On Wed, Sep 09, 2015 at 11:36:16AM +0800, Richard Yang wrote:
>On Wed, Sep 09, 2015 at 12:48:21PM +1000, Gavin Shan wrote:
>>On Wed, Jul 29, 2015 at 11:17:18AM +0800, Wei Yang wrote:
>>>Hi, Michael
>>>
>>>Hope you didn't take this yet. We may change this patch a little.
>>>
>>
>>[Cc Alexey who might concern the SRIOV status]
>>
>>Richard, do you have plan to get it upstream? It seems it's hanged
>>over here for long time.
>>
>
>The VF EEH is hung since we re-designed the SRIOV. After the re-design, we
>don't have VF groups.
>

How can this SRIOV redesign patchset affect EEH part greatly?
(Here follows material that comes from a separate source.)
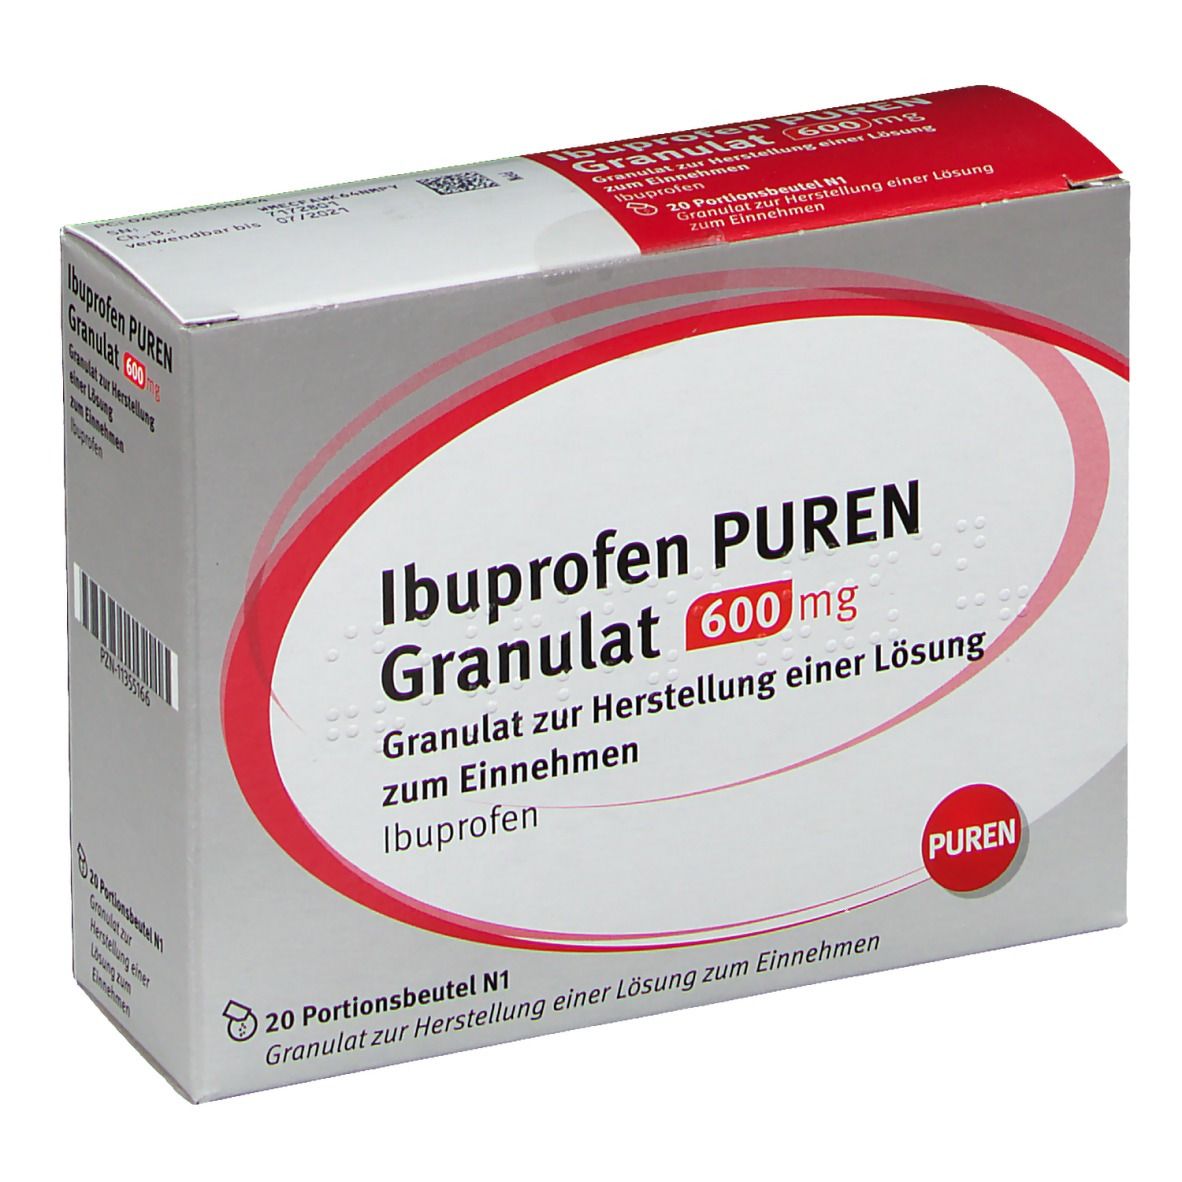 Ibuprofen PUREN Granulat 600 mg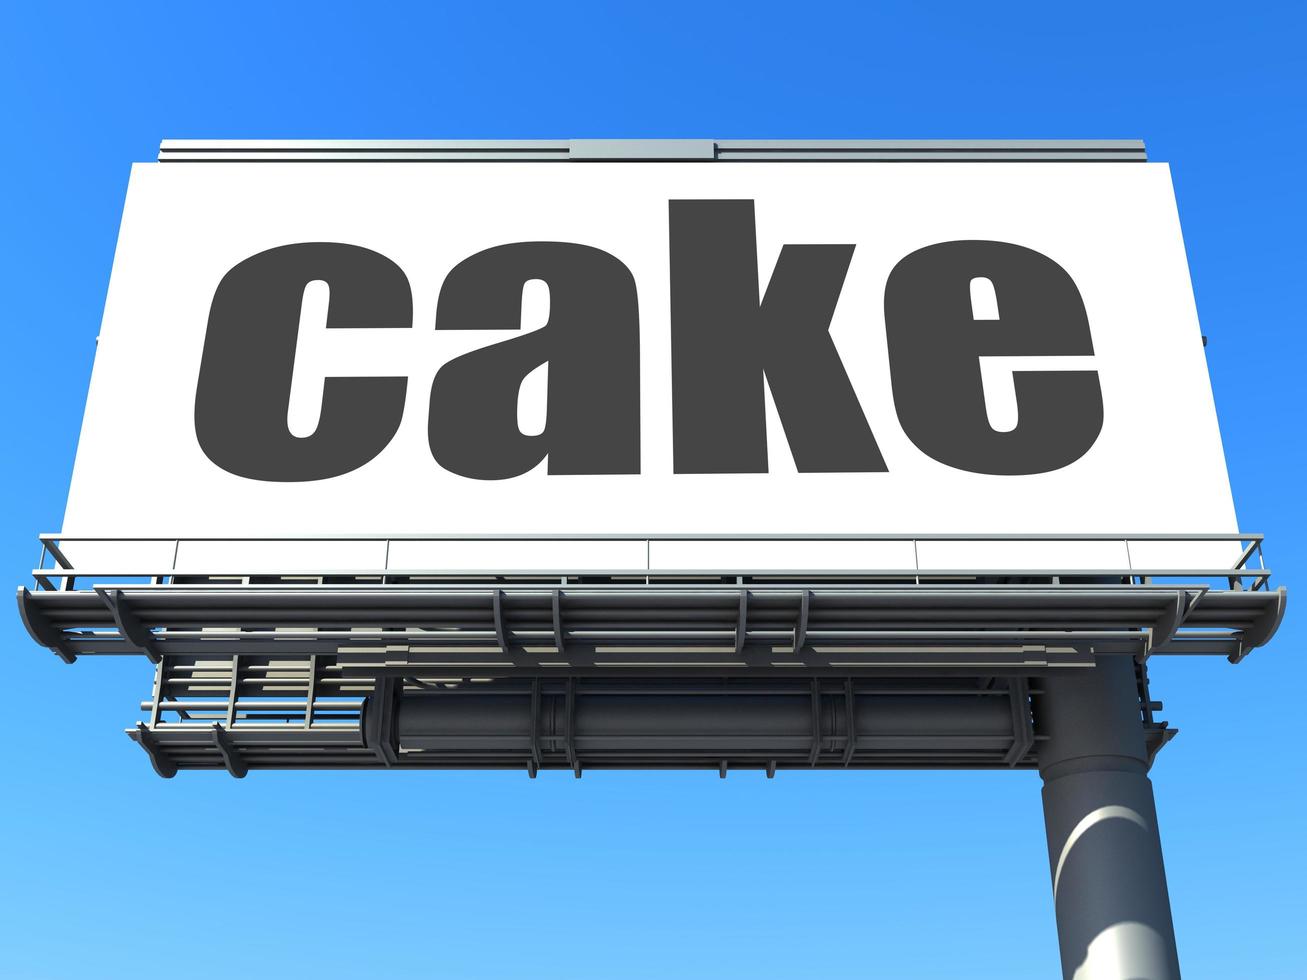 cake word on billboard photo

The EEH
VF patchset already support VF PE which contains only one VF.

>My plan is to push the VF EEH patch set after the SRIOV Redesign is accepted.
>

That SRIOV redesign patchset missed 4.3 merge window obviously. I think the
code has been reviewed by Alexey and me. If Alexey isn't going to have more
comments about it, you can refresh the series (EEH support for VF) based on
it and send the updated series. I don't think there is any dependencies.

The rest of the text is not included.